What to do
Write the listing out again word for word. Pictures do not belong in the copy.

Dataset content
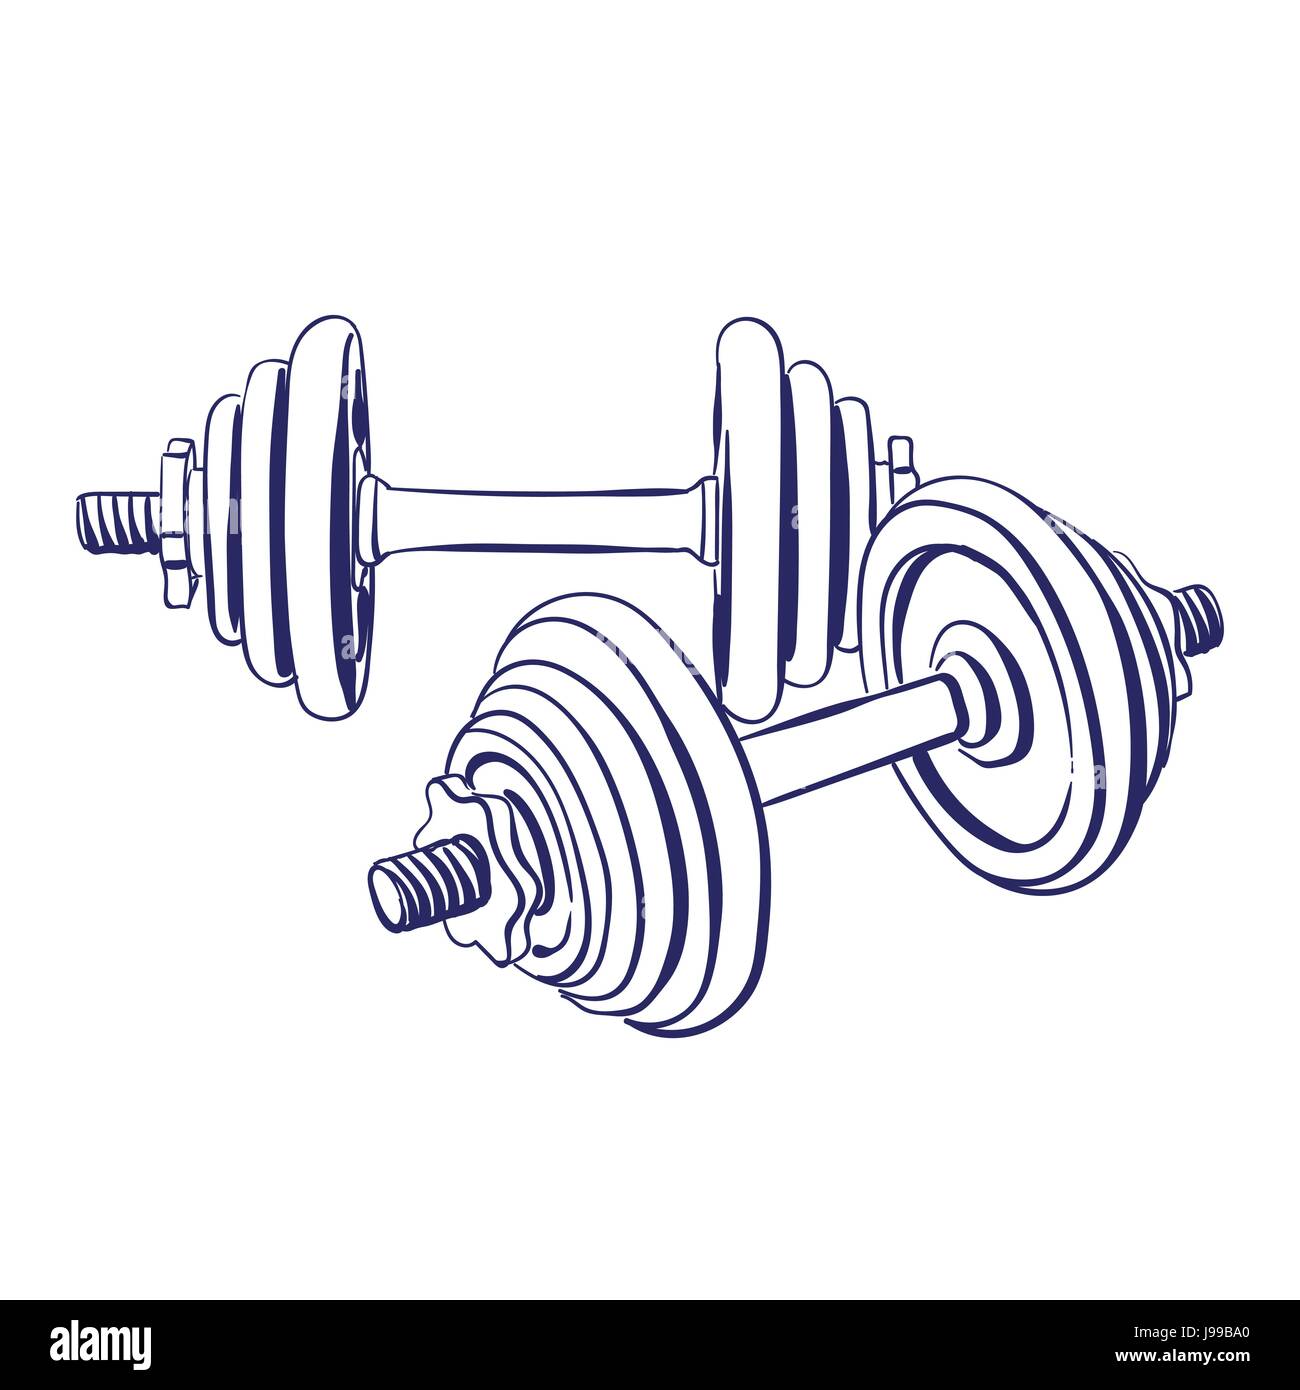 Drawing weight barbell equipment fitness Immagini Vettoriali Stock - Alamy
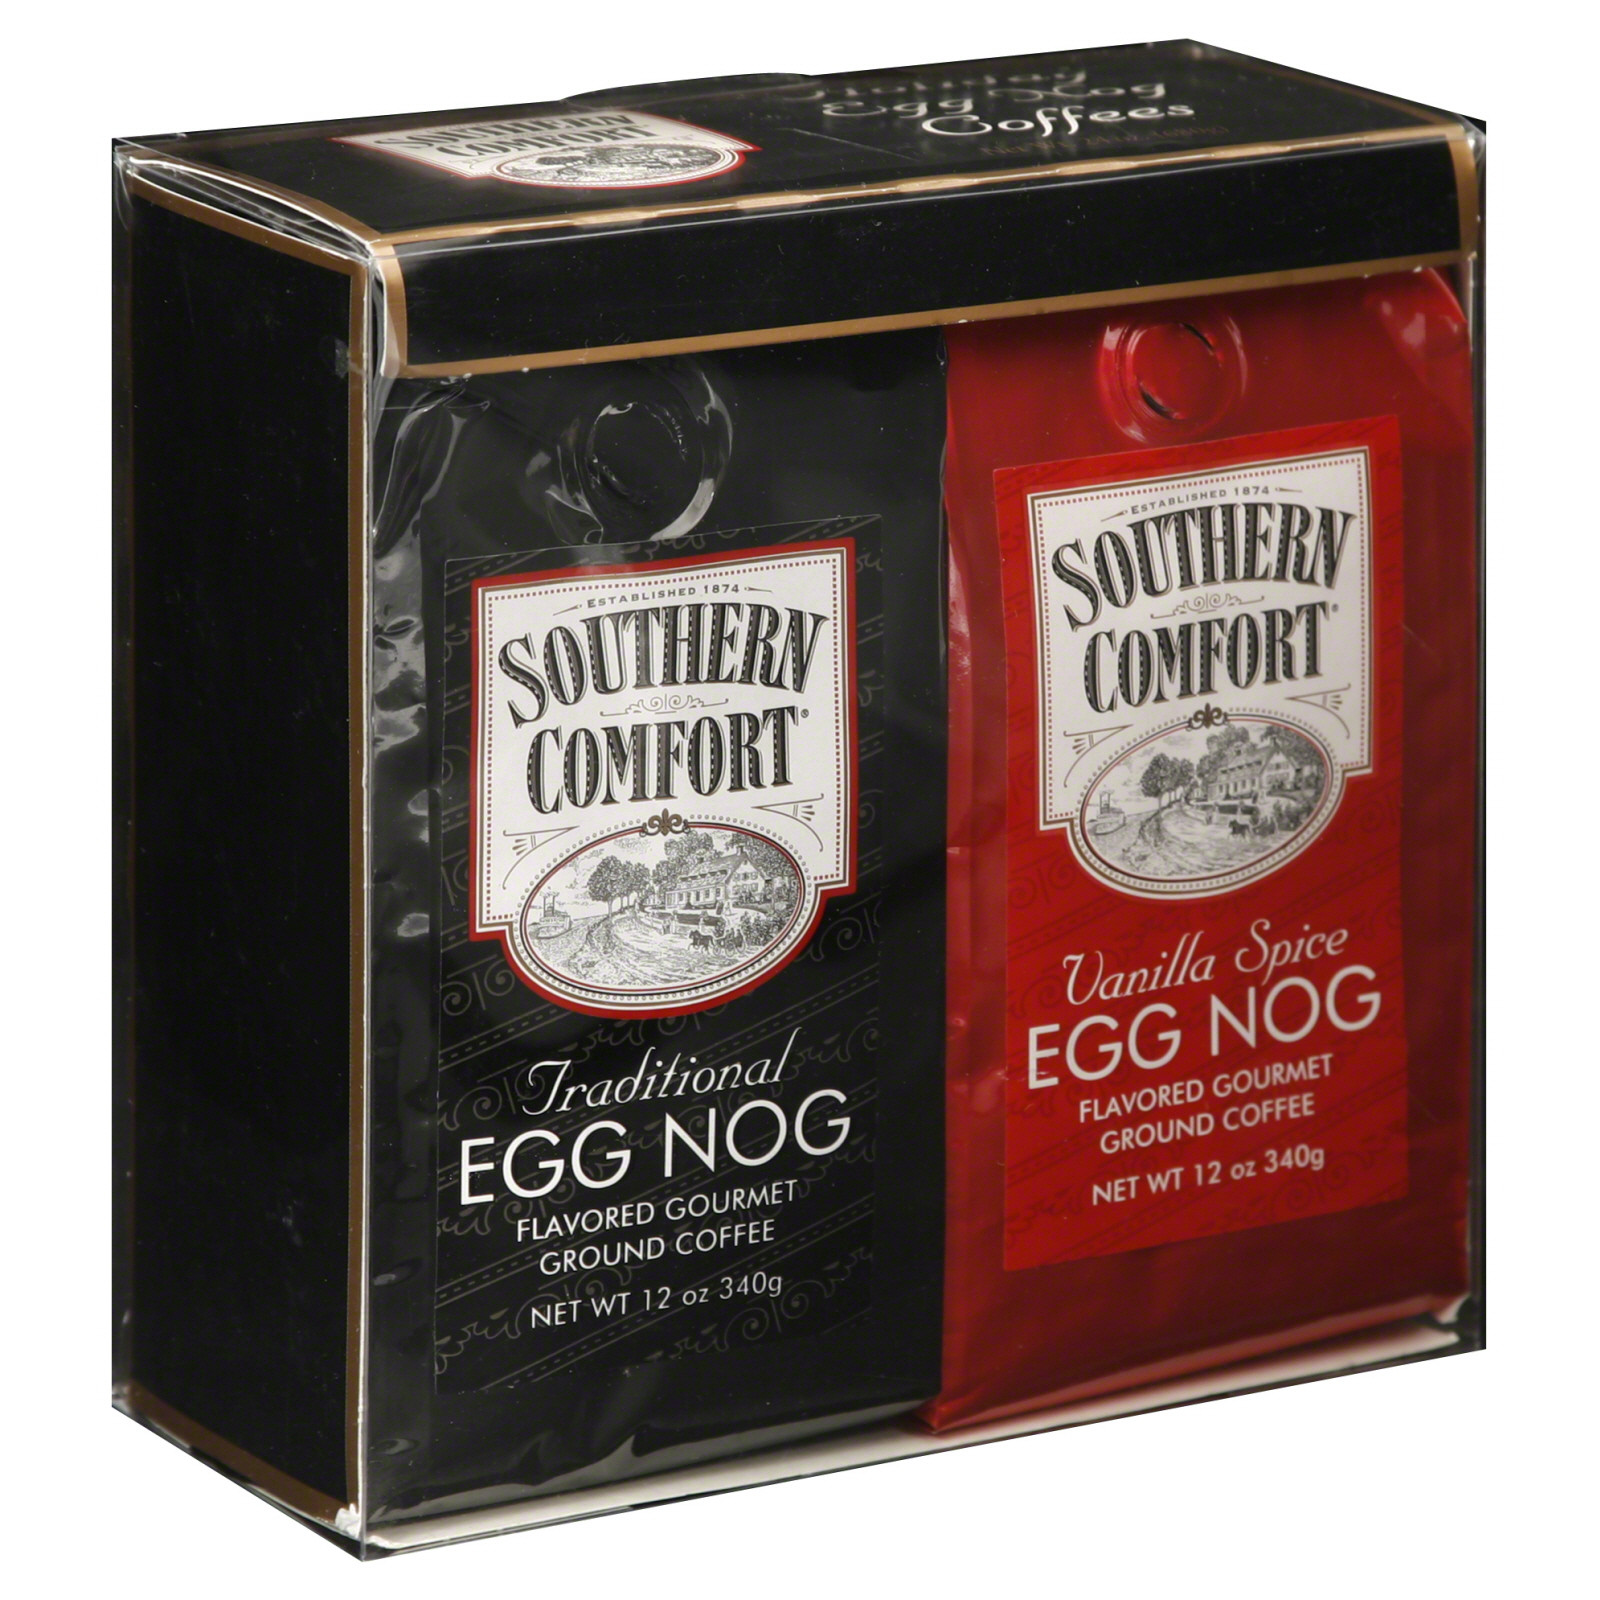 Southern Comfort Vanilla Spice Eggnog
 Southern fort Coffee Flavored Gourmet Ground
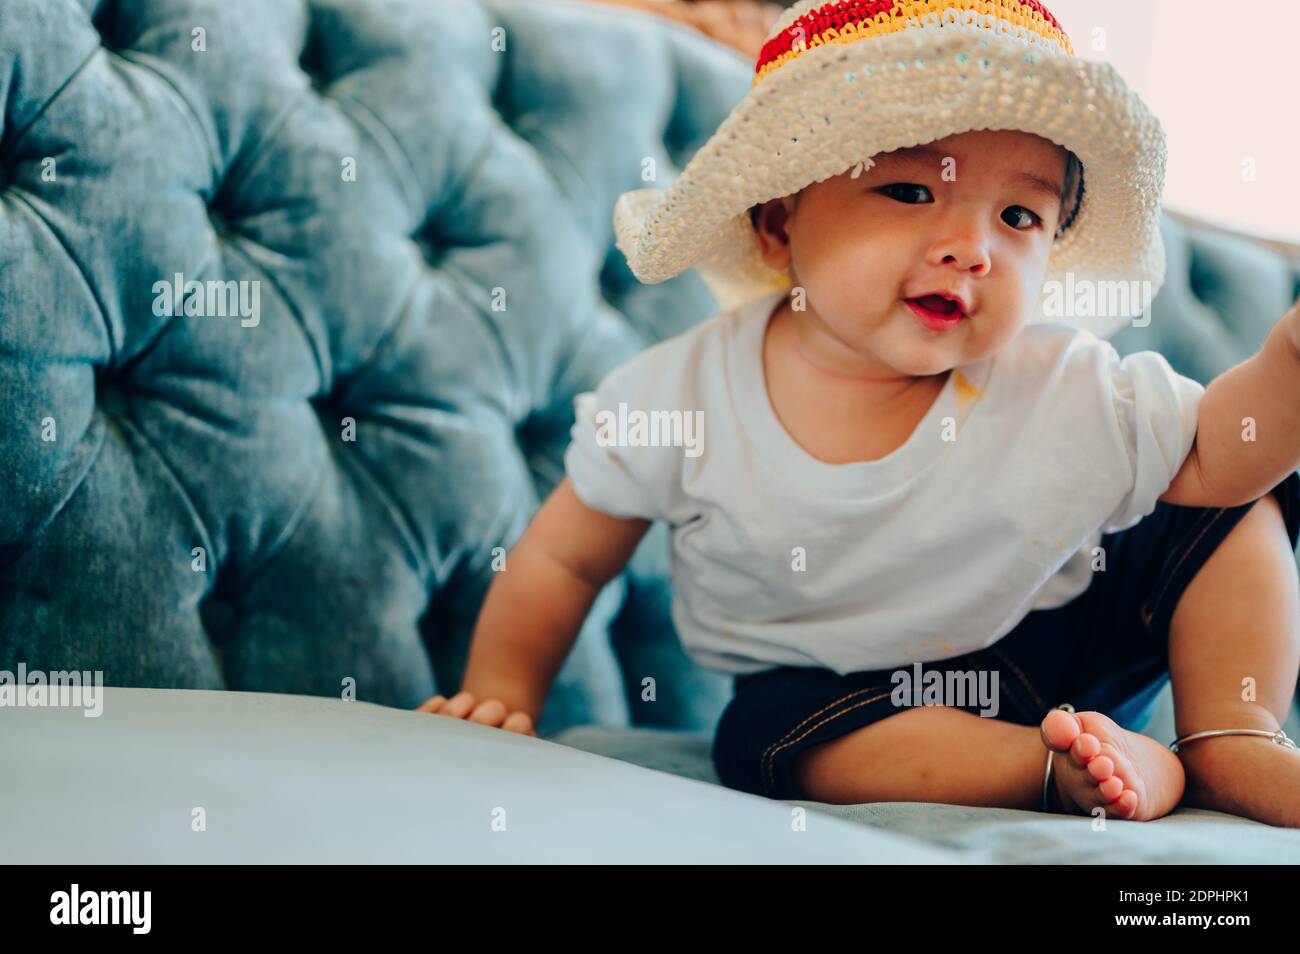 Portrait Of Smiling Baby Boy Sitting On Bed Stock Photo - Alamy

Answer to this problem
 Drawing weight barbell equipment fitness Immagini Vettoriali Stock - Alamy
 Southern Comfort Vanilla Spice Eggnog
 Southern fort Coffee Flavored Gourmet Ground
 Portrait Of Smiling Baby Boy Sitting On Bed Stock Photo - Alamy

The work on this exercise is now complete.